▶ _SOURCE MATERIAL_:
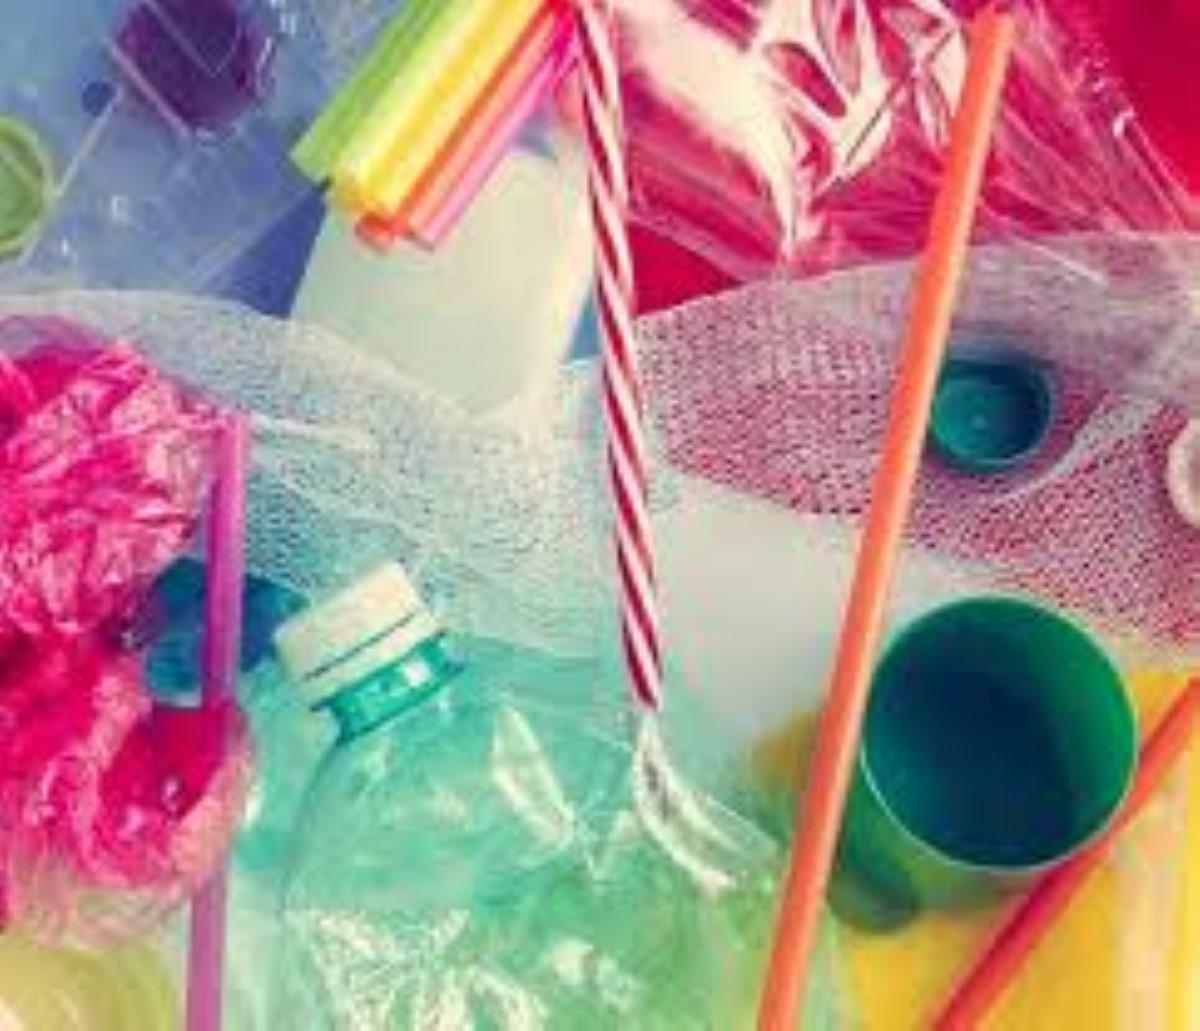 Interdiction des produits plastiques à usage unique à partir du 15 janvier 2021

--

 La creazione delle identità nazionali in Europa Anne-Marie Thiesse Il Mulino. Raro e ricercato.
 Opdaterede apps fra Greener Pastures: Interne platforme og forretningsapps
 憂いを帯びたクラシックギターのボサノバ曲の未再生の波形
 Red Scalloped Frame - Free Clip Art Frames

--

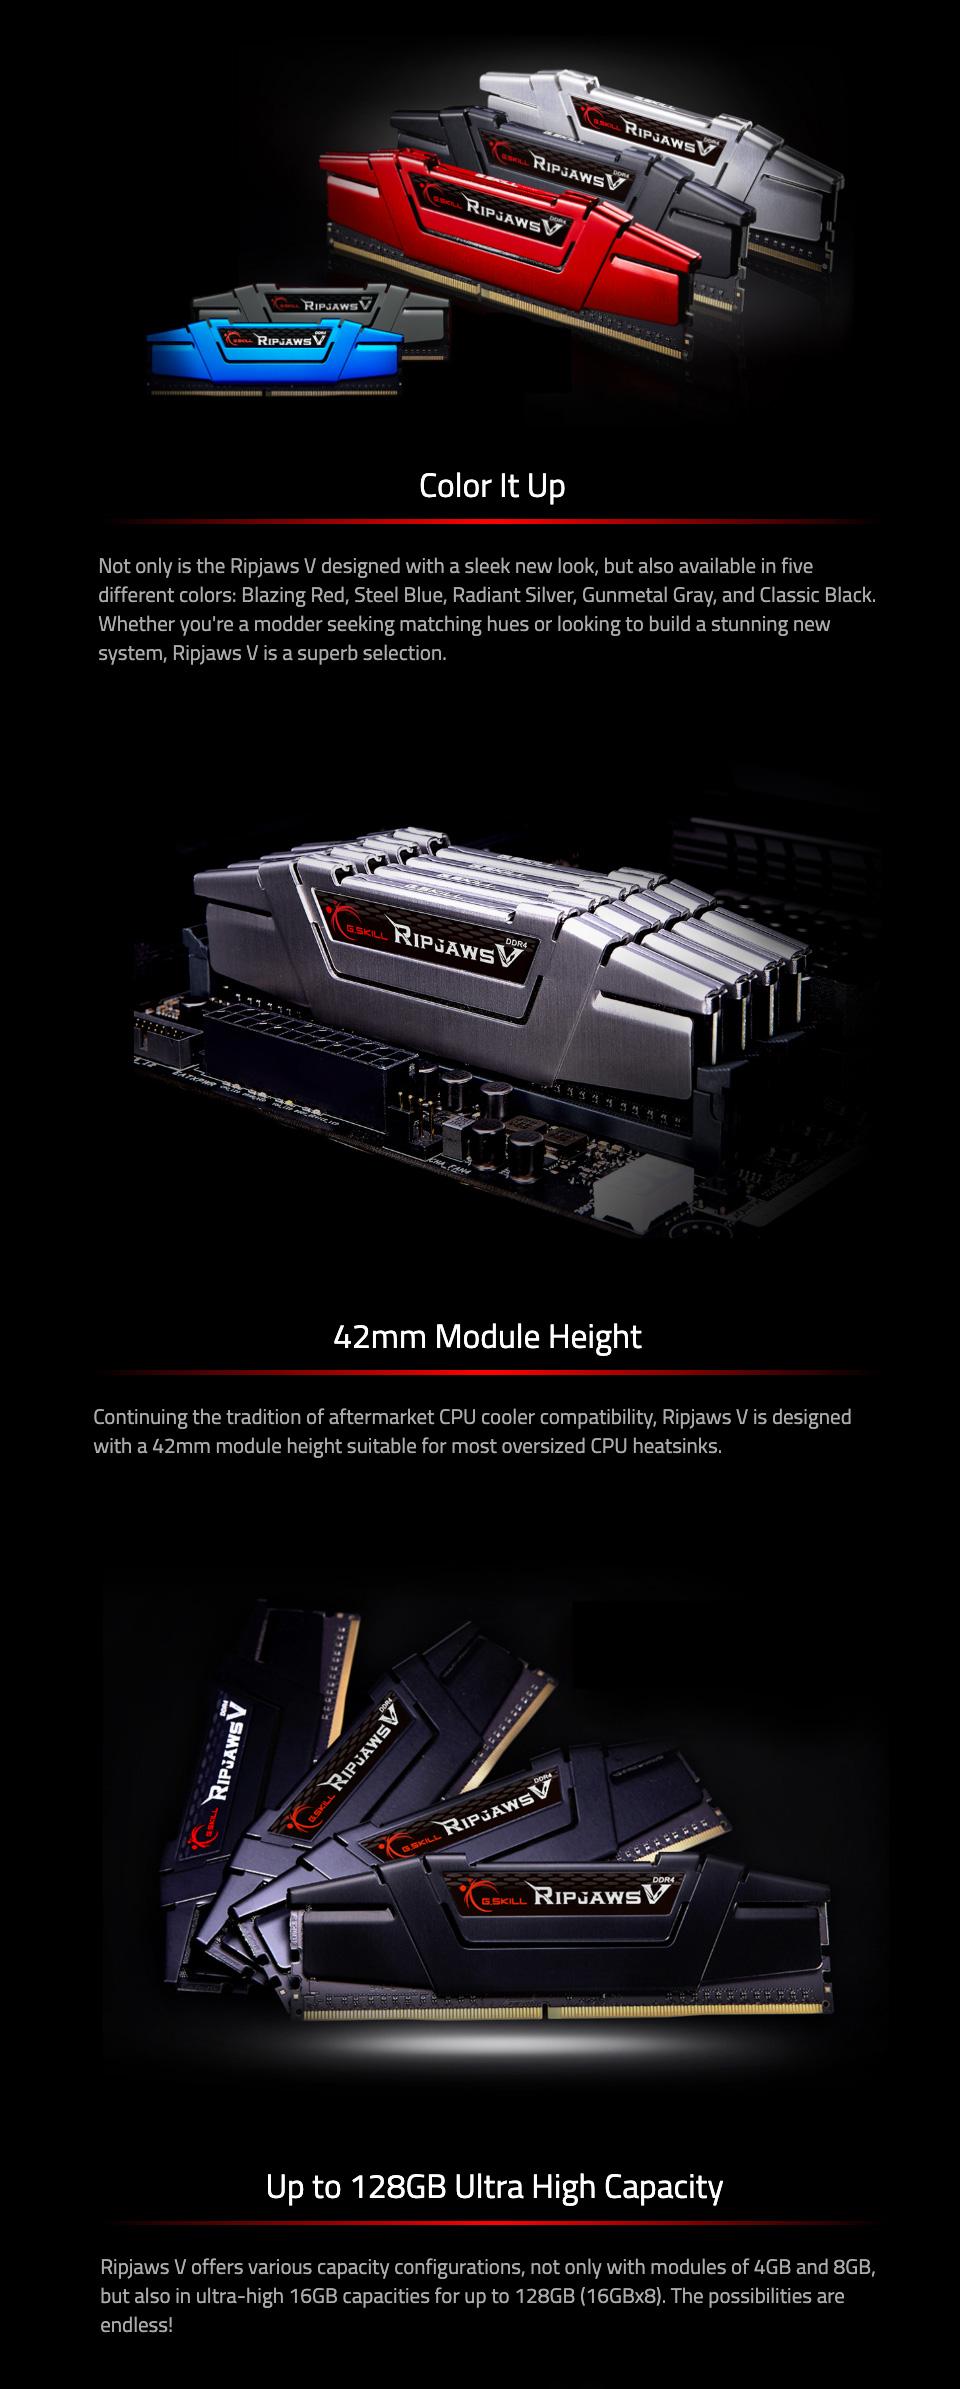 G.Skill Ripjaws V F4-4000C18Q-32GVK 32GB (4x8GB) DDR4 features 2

▶ _DIRECTIONS FOR THIS TASK_: Set down again, word for word, the stretch of records from the line with "La creazione delle" to the line with "Red Scalloped Frame - Free Clip Art Frames", both of those lines included.

▶ _RESPONSE FOR THIS EXERCISE_:
 La creazione delle identità nazionali in Europa Anne-Marie Thiesse Il Mulino. Raro e ricercato.
 Opdaterede apps fra Greener Pastures: Interne platforme og forretningsapps
 憂いを帯びたクラシックギターのボサノバ曲の未再生の波形
 Red Scalloped Frame - Free Clip Art Frames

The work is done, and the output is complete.